The quest for immortality is a theme for much of Sumerian literature, best illustrated in the epic of Gilgamesh, but present in many forms in other texts. Immortality has always been a human obsession, of course. What interests me about Sumerian culture is what it reveals about the human mind at the onset of civilization, and in this particular blog, when and how began the notion of a “king” (or “queen”) as an entity with divine powers with a birthright to rule.
When and why did humans begin to entertain the notion that some humans are more special than others and entitled to have life and death power over the lives of others? While most of us take the idea of royalty for granted, the shift that historically took place from showing respect and obedience to those whose leadership was earned, and ascribing a “divine right to rule” to kings as a birthright, with all the accompanying petty privileges that come along with that birthright, is not quite so obvious, at least not to me.

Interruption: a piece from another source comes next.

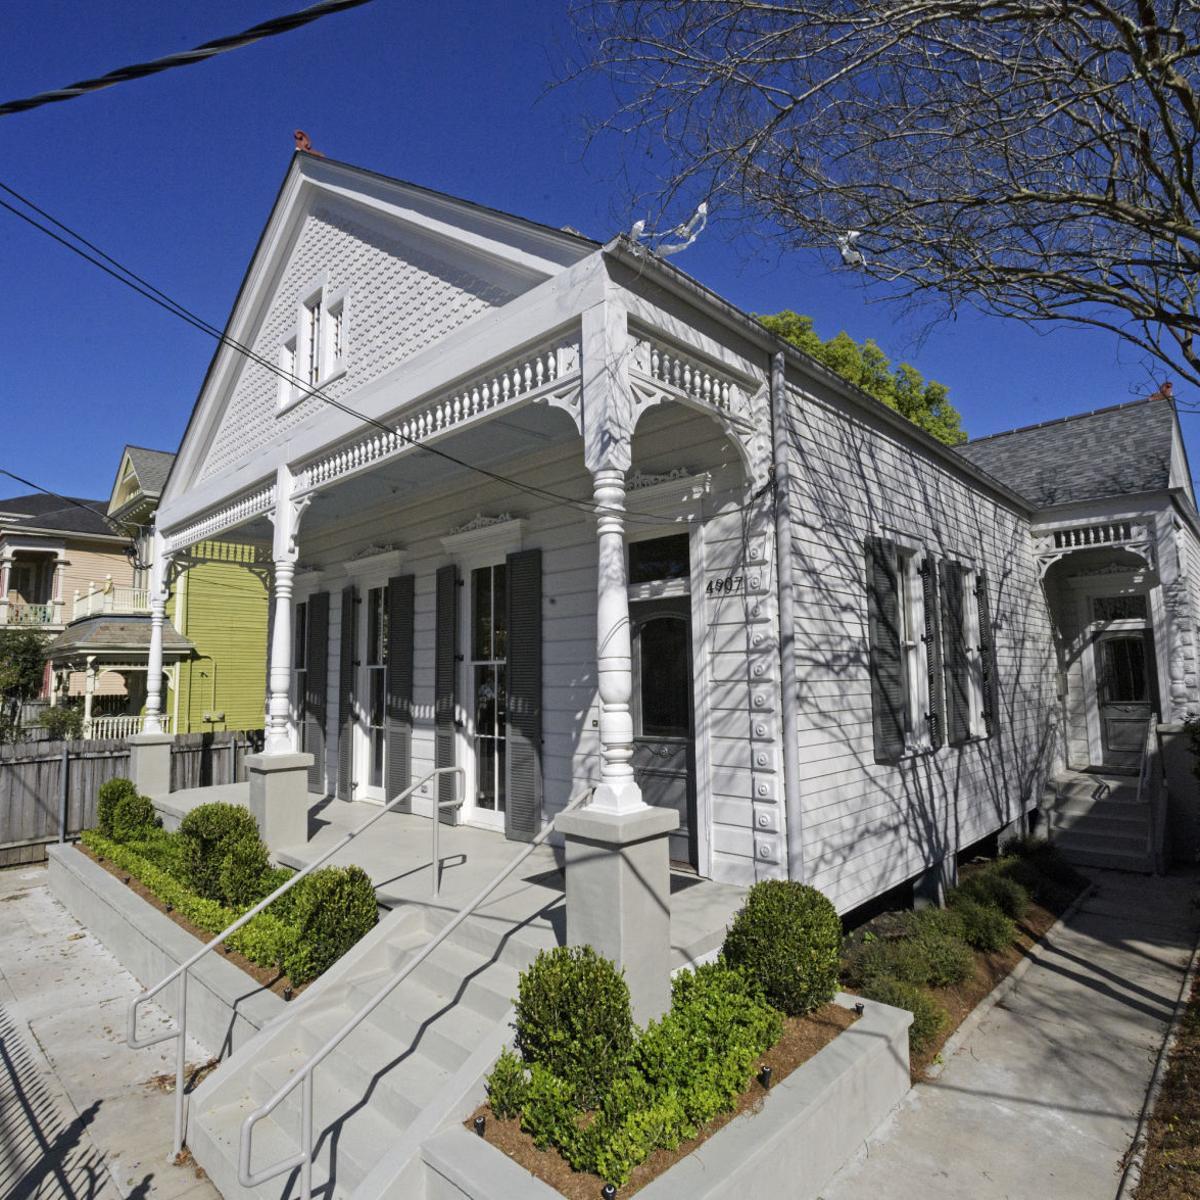 Once home to JFK killer Lee Harvey Oswald, Magazine Street

I do not yet have an answer, but some clues can be found in Sumerian culture. The ideas discussed in this blog are extracted from a scholarly article by Gebhard J. Selz titled “THE TABLET WITH HEAVENLY WRITING’ OR HOW TO BECOME A STAR.”
Selz makes a persuasive case that the interests that third millennium Sumerians took in astronomy also reflected the Sumerian people’s beliefs that the cosmos (the stars, the constellations, etc.) was a “tablet” upon which the gods wrote not just their decrees but also the destiny of especially worthy people. Unlike tablets of clay, the sky tablet was indestructible. Therefore, to have one’s deeds written in the cosmos would ensure an immortal presence in the recorded history of the heavens.
The different stars and their arrangements in a constellation were presumed to be the gods’ equivalent of the Sumerian people’s cuneiform writing. That some tablets were made of lapis lazuli with specks of pyrite may suggest an attempt to symbolize or emulate the blue of the heavens and the sparkle of stars of that permanent written record that is the cosmos.
Aware of their mortality and fearing being forgotten, kings aspired to become stars, and/or to have their deeds recorded in the cosmos. This explains why the sign to indicate divinity (dingir) was a star appearing before the name, and why some mortal kings took on that designation after their death. As Selz puts it, “‘becoming a star’ means therefore that these kings became part of the divine cosmic world order.”
Similar to the beliefs of the ancient Egyptians, funerary rituals for at least some Sumerian kings involved a journey from earth to heaven, with ceremonies that involved sailed “heavenly” boats, or ritualistically releasing a caged bird. Presumably, upon death, with the blessings of the gods, third-millennium kings had the opportunity to become astral bodies while simultaneously living out eternity as ghosts in the underworld.
Entering one’s name into the permanent record of the gods in the form of a star would naturally lead to a strong and uncontested cultural association with privilege and with divine power. It’s easy to see how only kings or extremely influential people would have the means to make such involved post-mortuary arrangements, moreover. The leap that kingship took from respected and honored leader to divinely-appointed ruler with nearly limitless power over others becomes a bit clearer in this light.